(Work instruction)
Your copy of the data should leave out the images and match everything else exactly.

(Raw data)
========================================

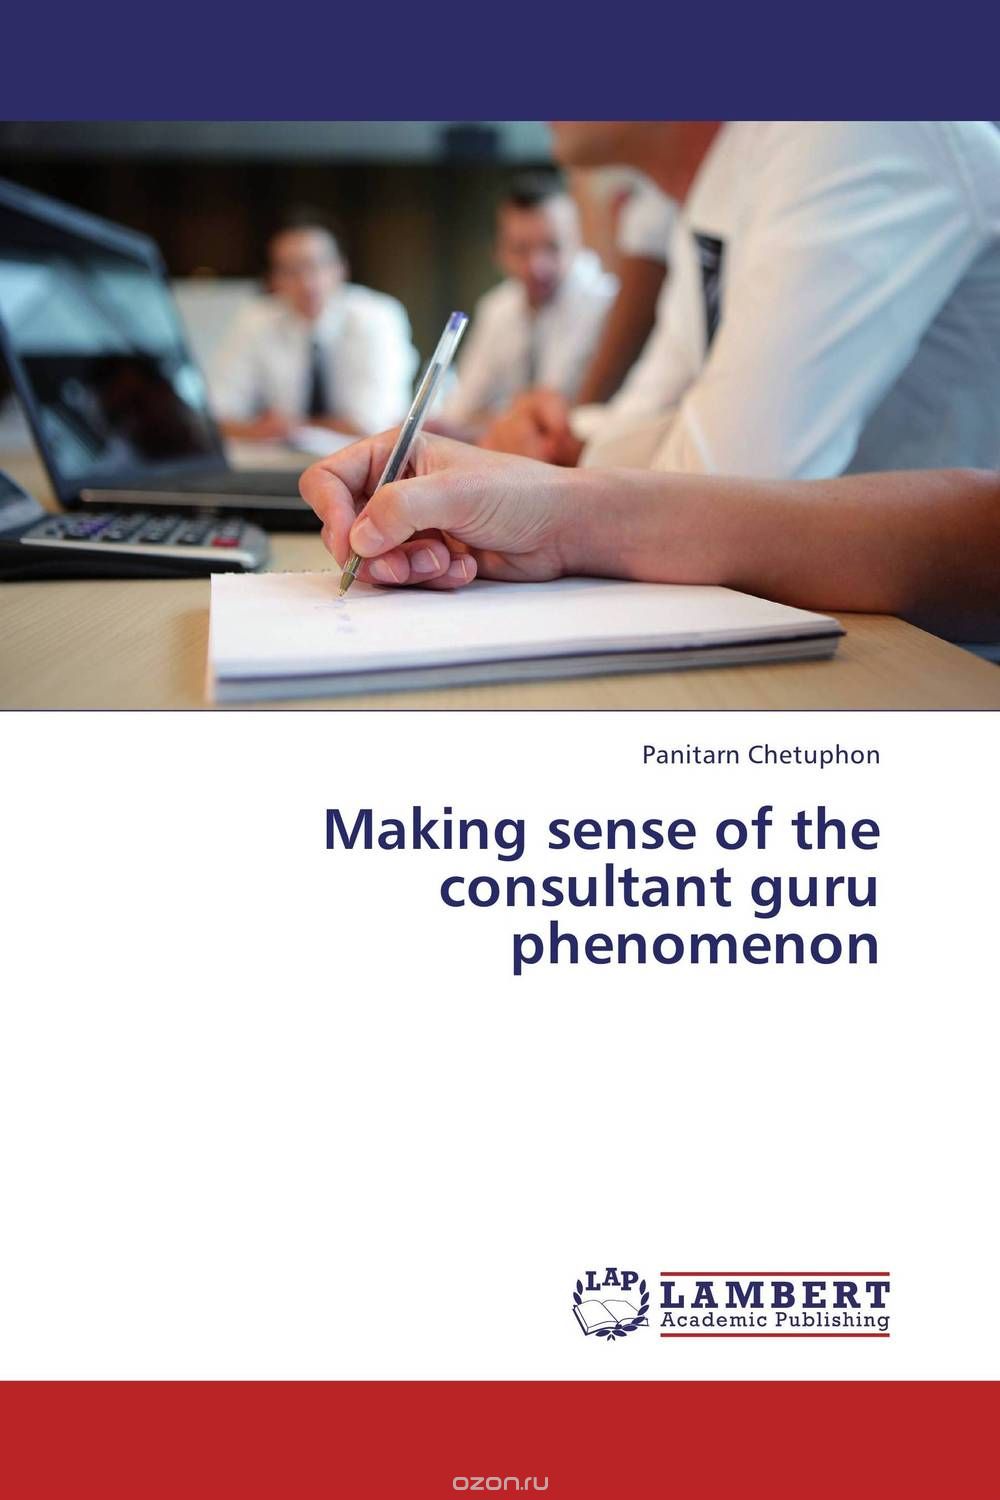 Скачать книгу "Making sense of the consultant guru phenomenon"
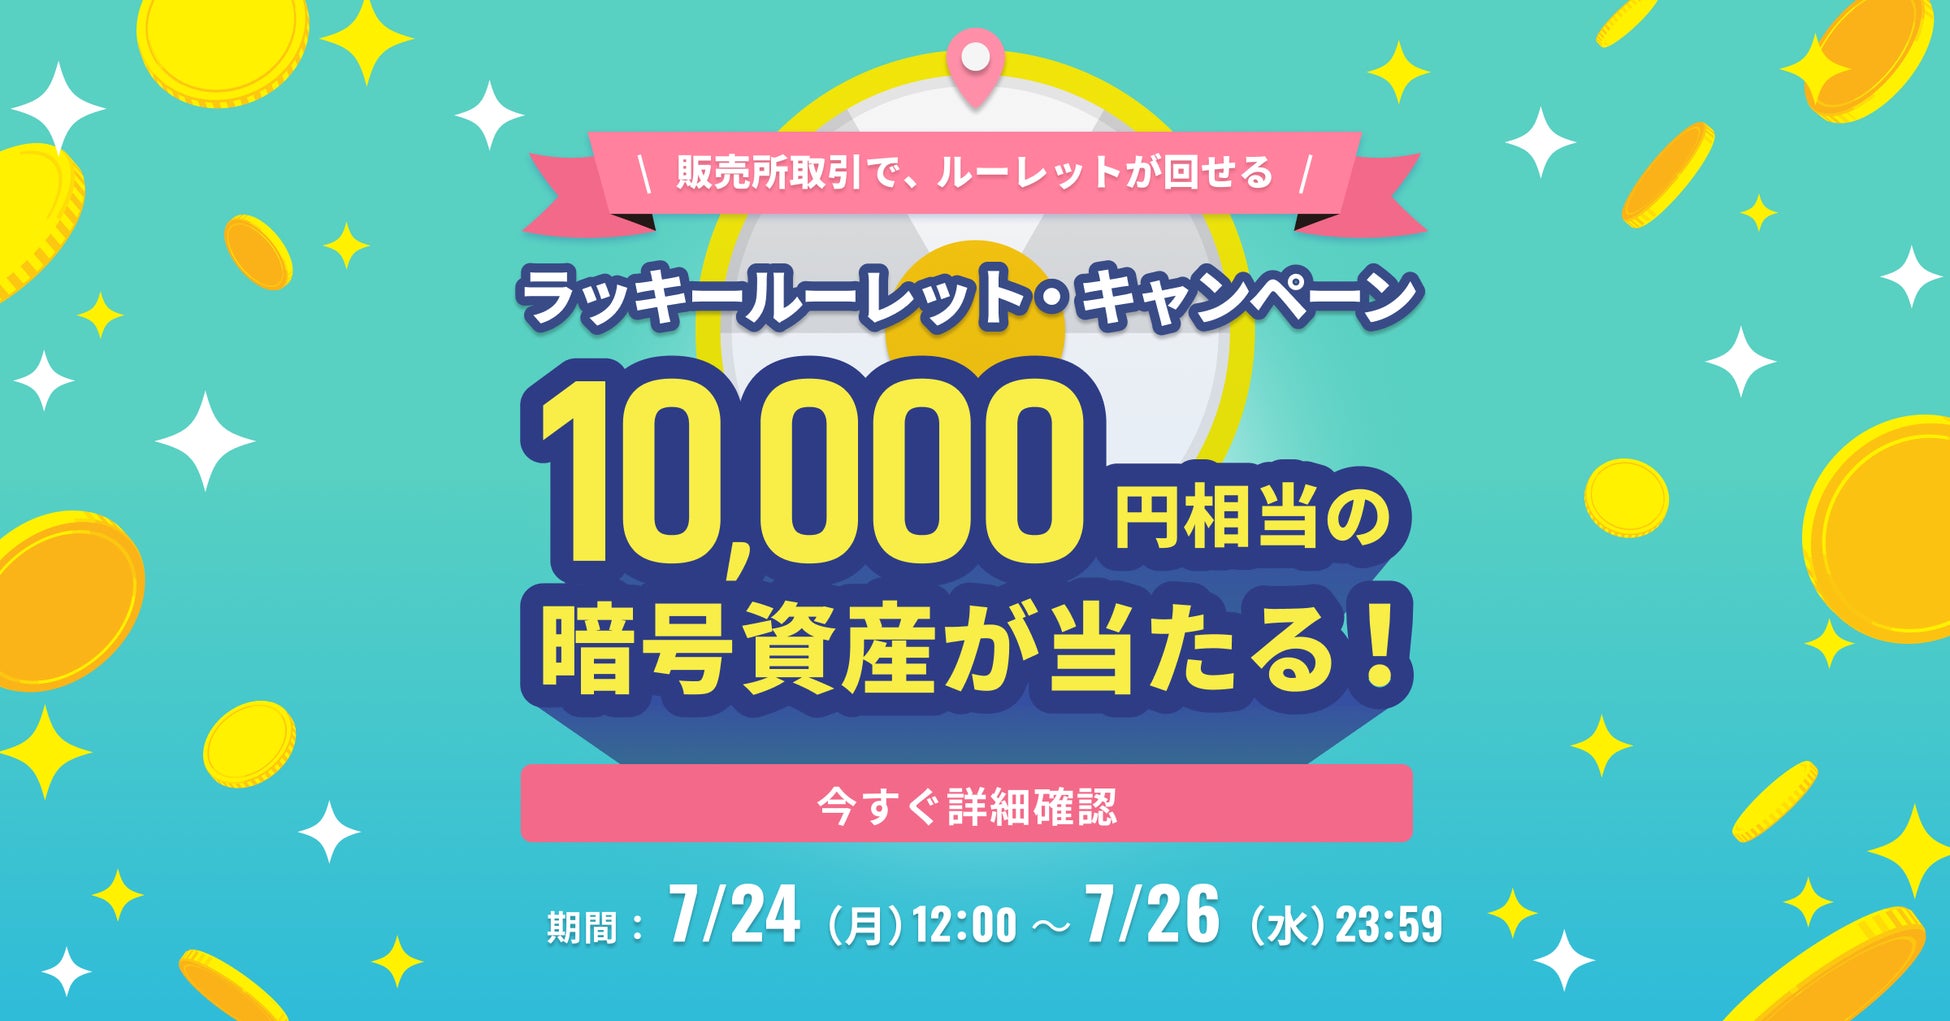 【3日間限定】ラッキールーレットキャンペーン実施～1万円相当の暗号資産が当たる！～
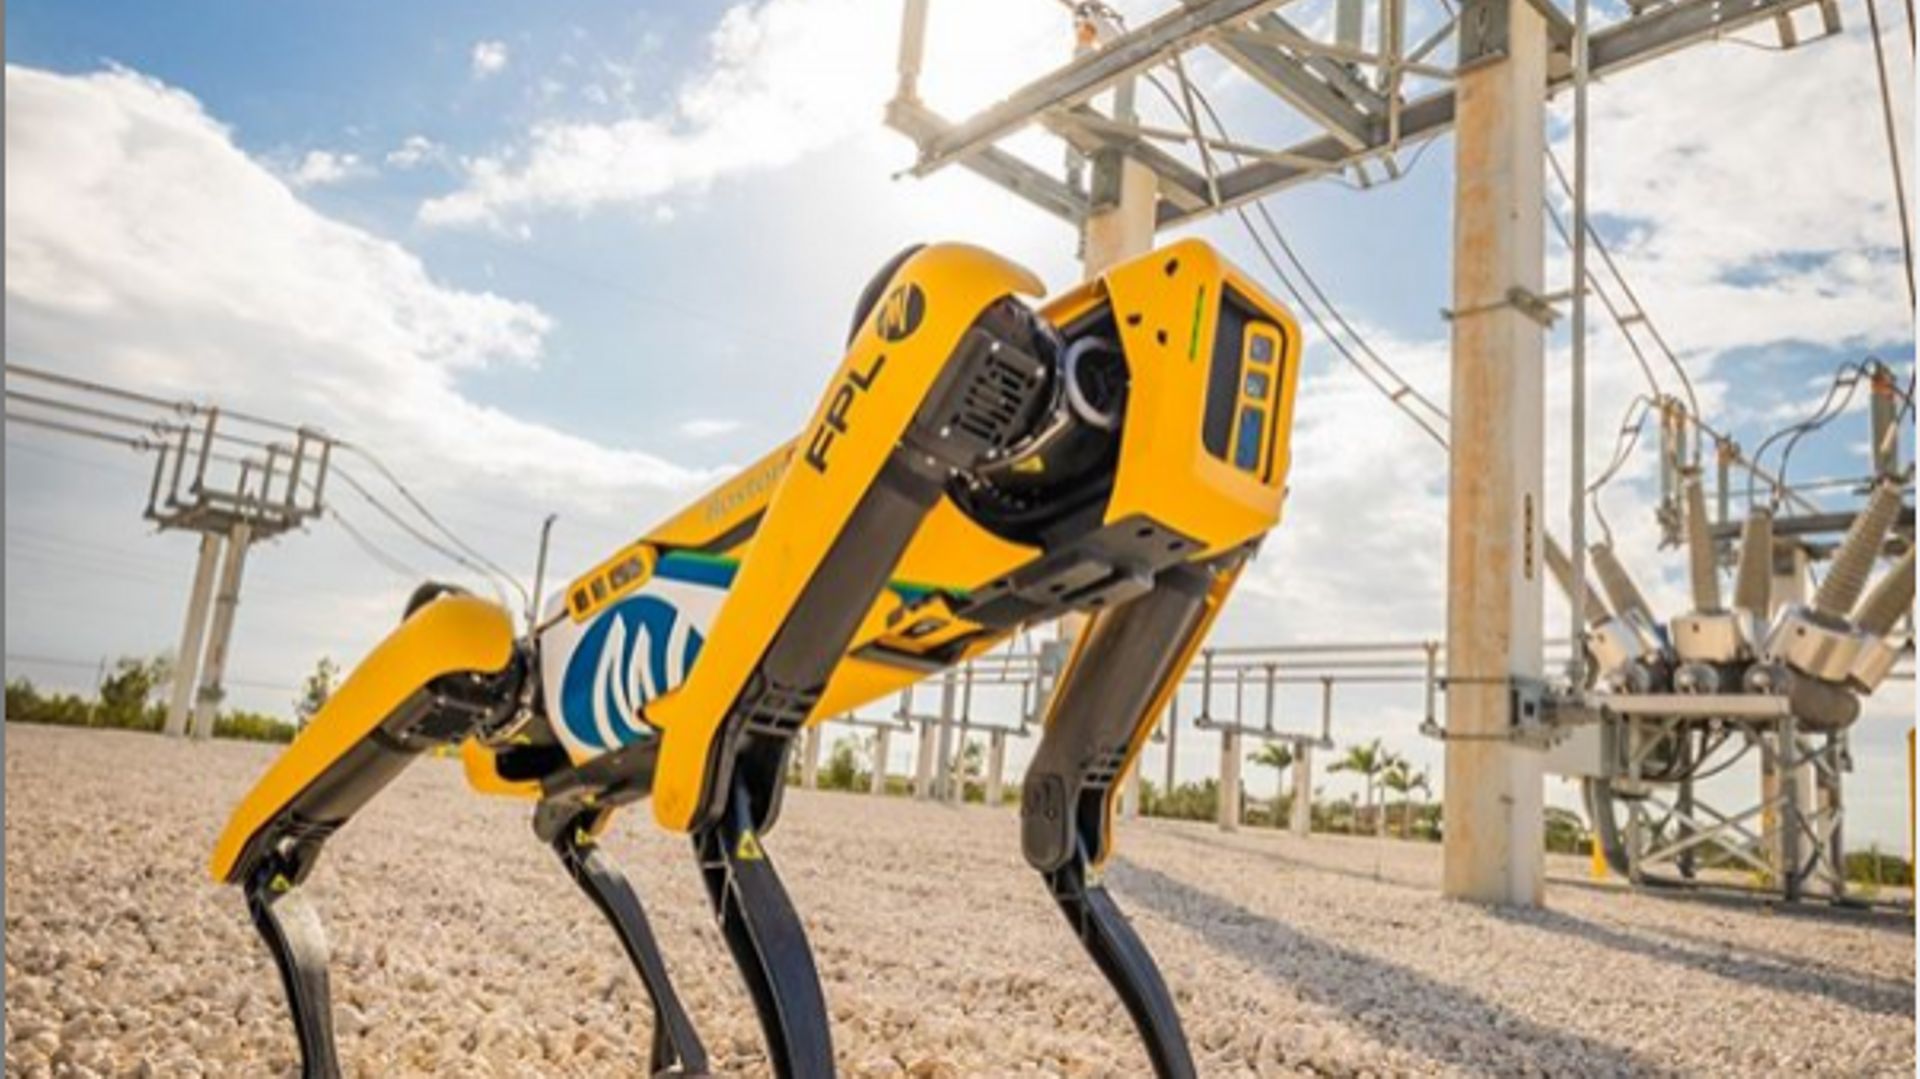 Des chiens robot arrivent sur les chantiers de construction afin d'aider les ouvrier et faire gagner du temps

========================================

(Response)
 Скачать книгу "Making sense of the consultant guru phenomenon"
 【3日間限定】ラッキールーレットキャンペーン実施～1万円相当の暗号資産が当たる！～
 Des chiens robot arrivent sur les chantiers de construction afin d'aider les ouvrier et faire gagner du temps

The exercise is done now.